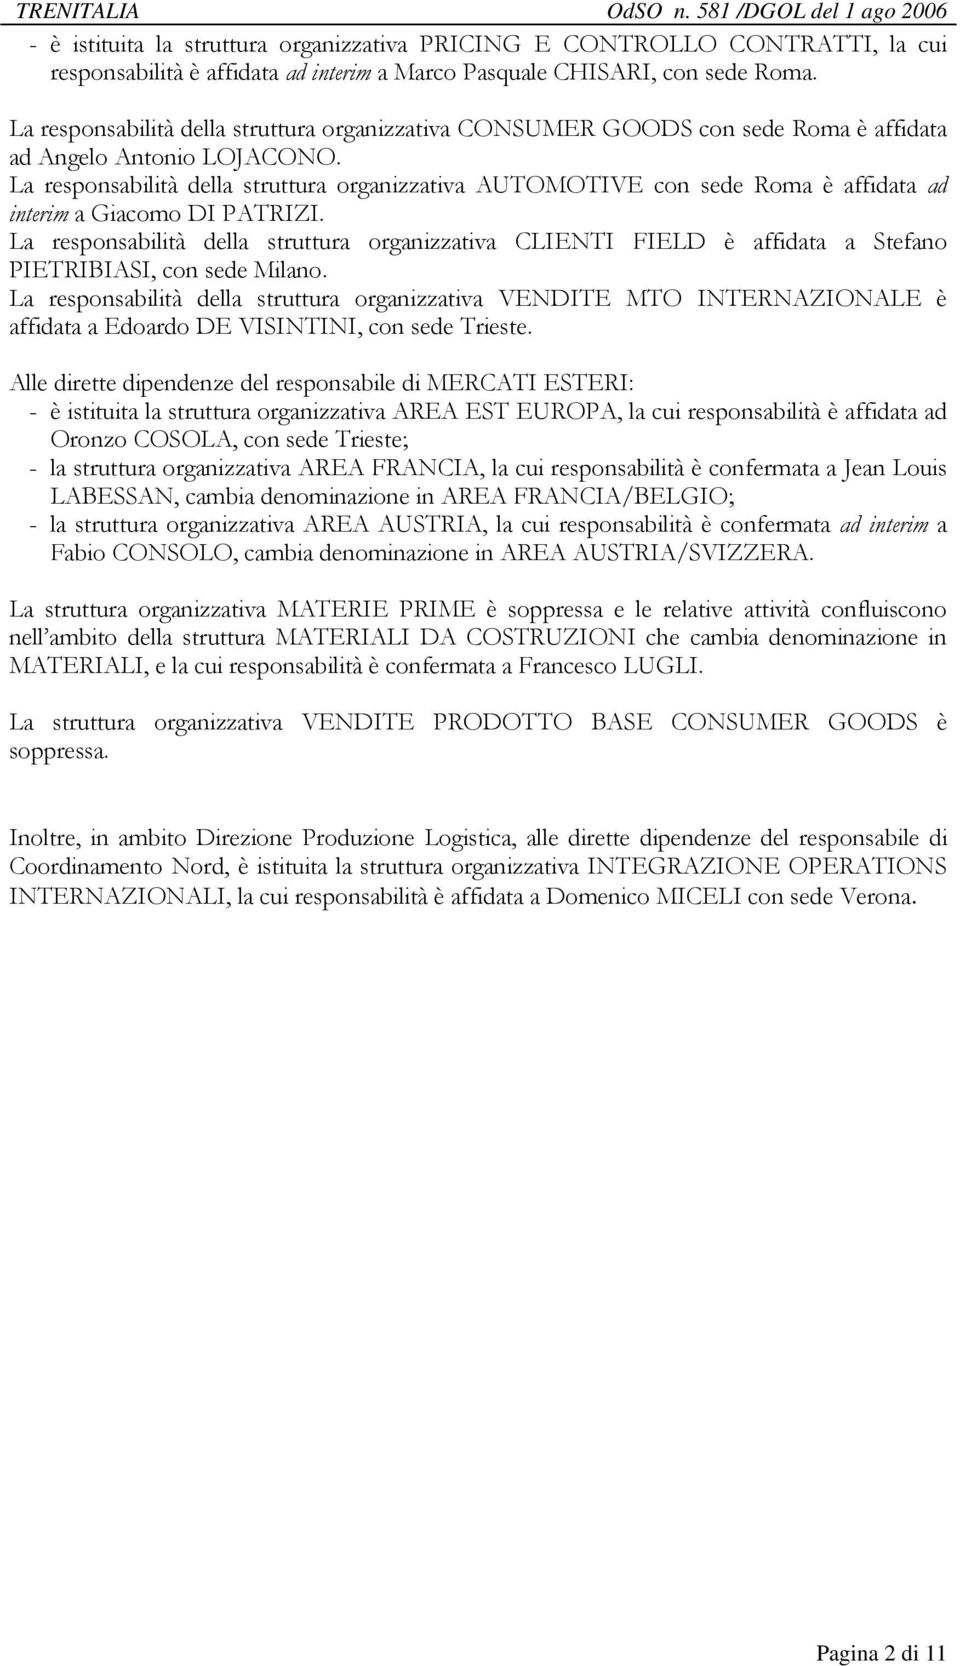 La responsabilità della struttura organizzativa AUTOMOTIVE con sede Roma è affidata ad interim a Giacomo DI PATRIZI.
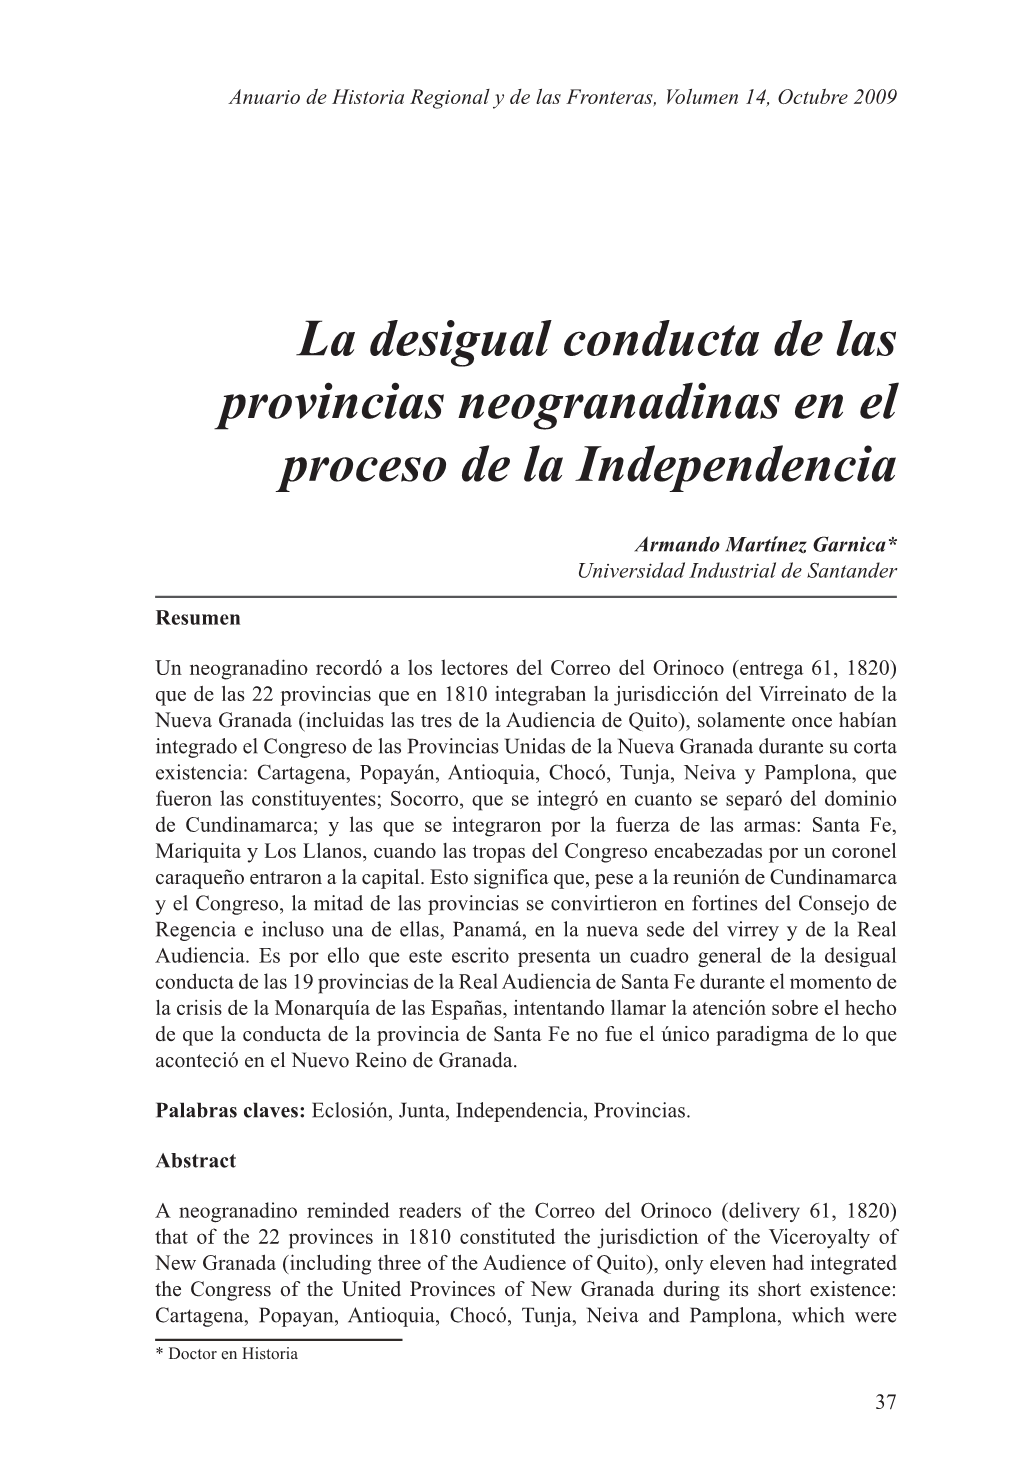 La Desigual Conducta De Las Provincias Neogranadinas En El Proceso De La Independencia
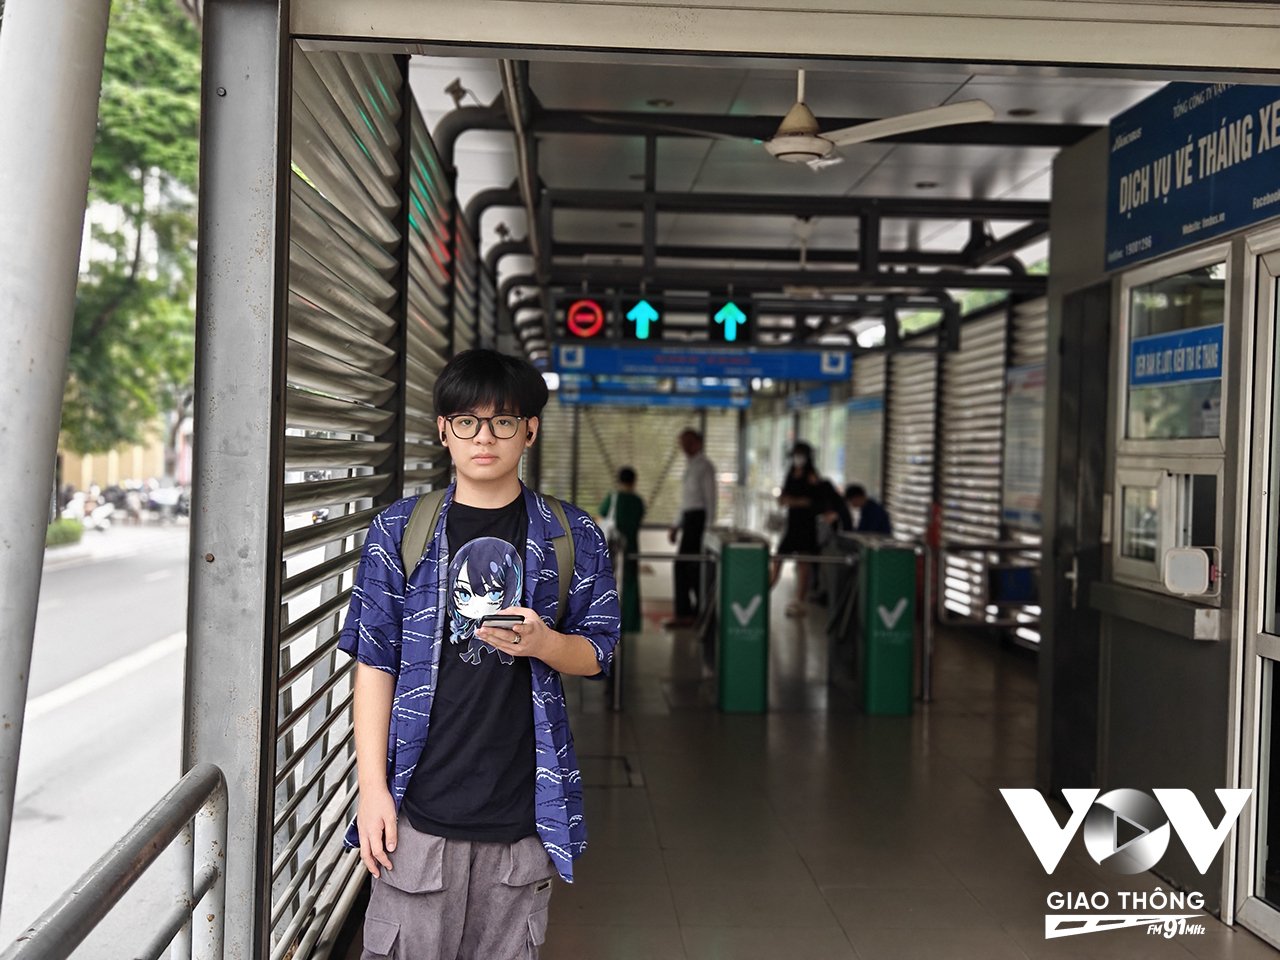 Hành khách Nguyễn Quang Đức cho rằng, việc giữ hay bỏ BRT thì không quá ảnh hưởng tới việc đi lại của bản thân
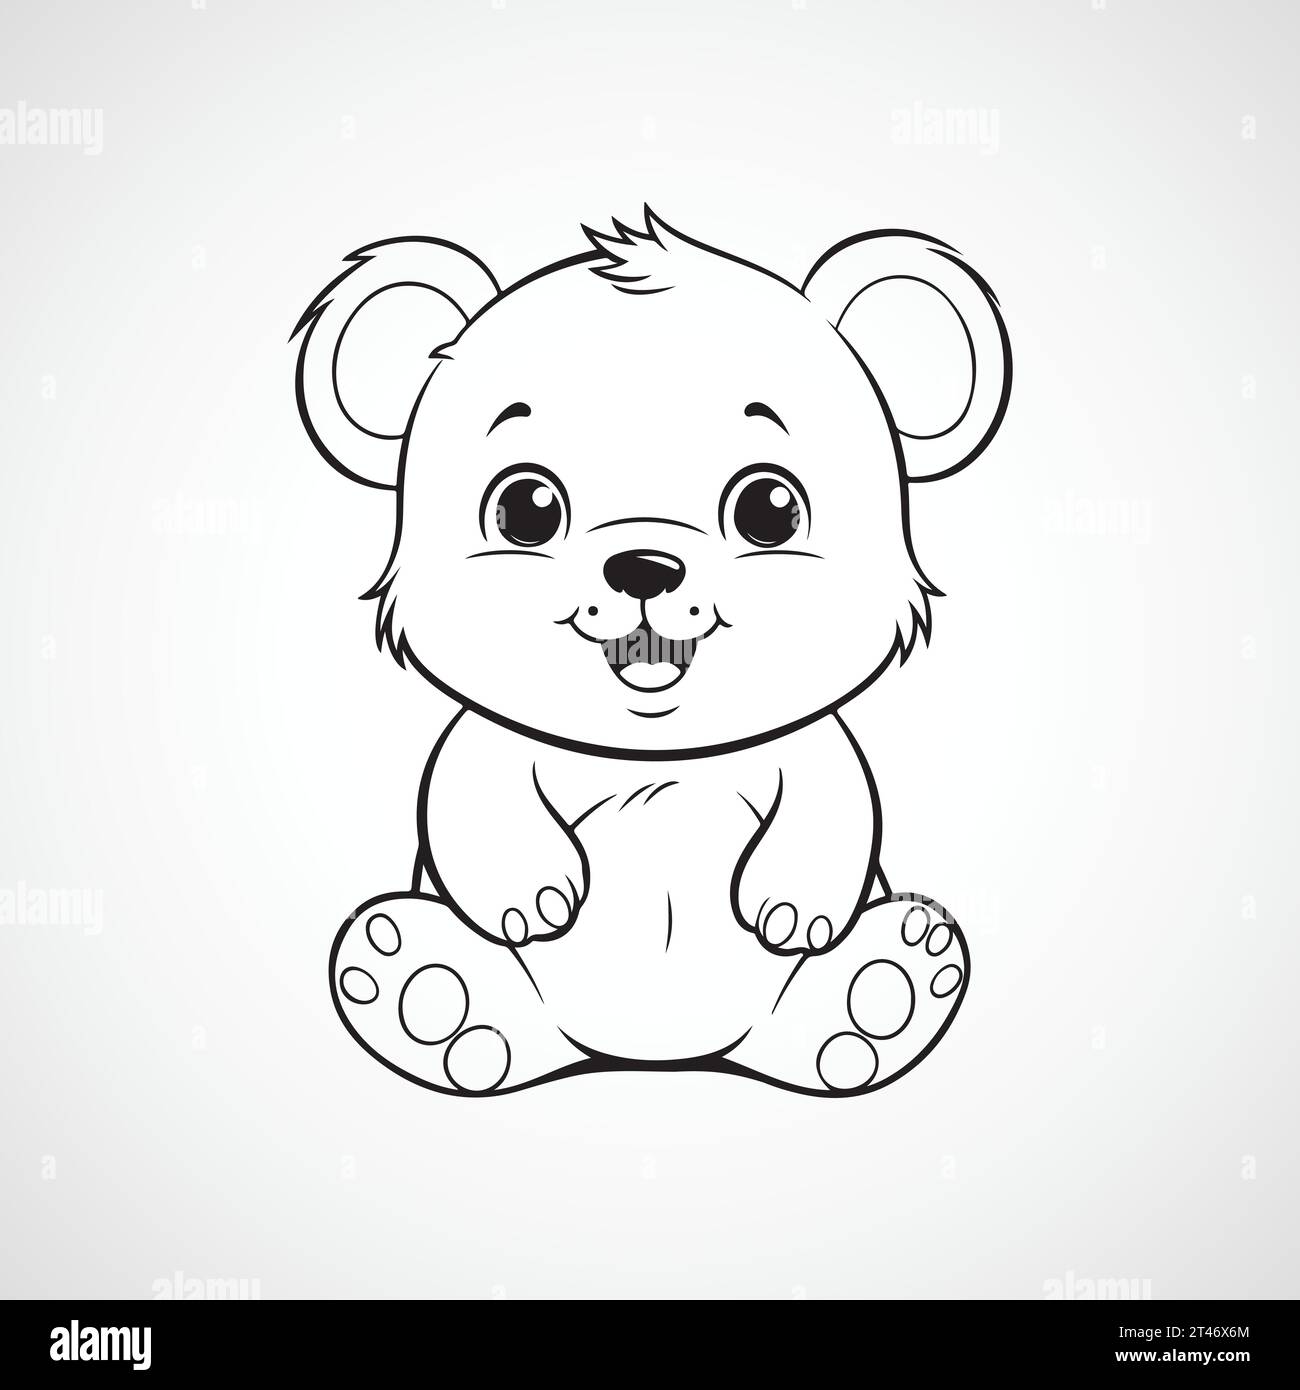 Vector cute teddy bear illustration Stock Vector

> [What you have to do]:
Retype the material in full, exactly as written, and exclude the pictures.

> [Exercise solution]:
 La responsabilità della struttura organizzativa AUTOMOTIVE con sede Roma è affidata ad interim a Giacomo DI PATRIZI.
 La Desigual Conducta De Las Provincias Neogranadinas En El Proceso De La Independencia
 Hành khách Nguyễn Quang Đức cho rằng, việc giữ hay bỏ BRT thì không quá ảnh hưởng tới việc đi lại của bản thân
 Vector cute teddy bear illustration Stock Vector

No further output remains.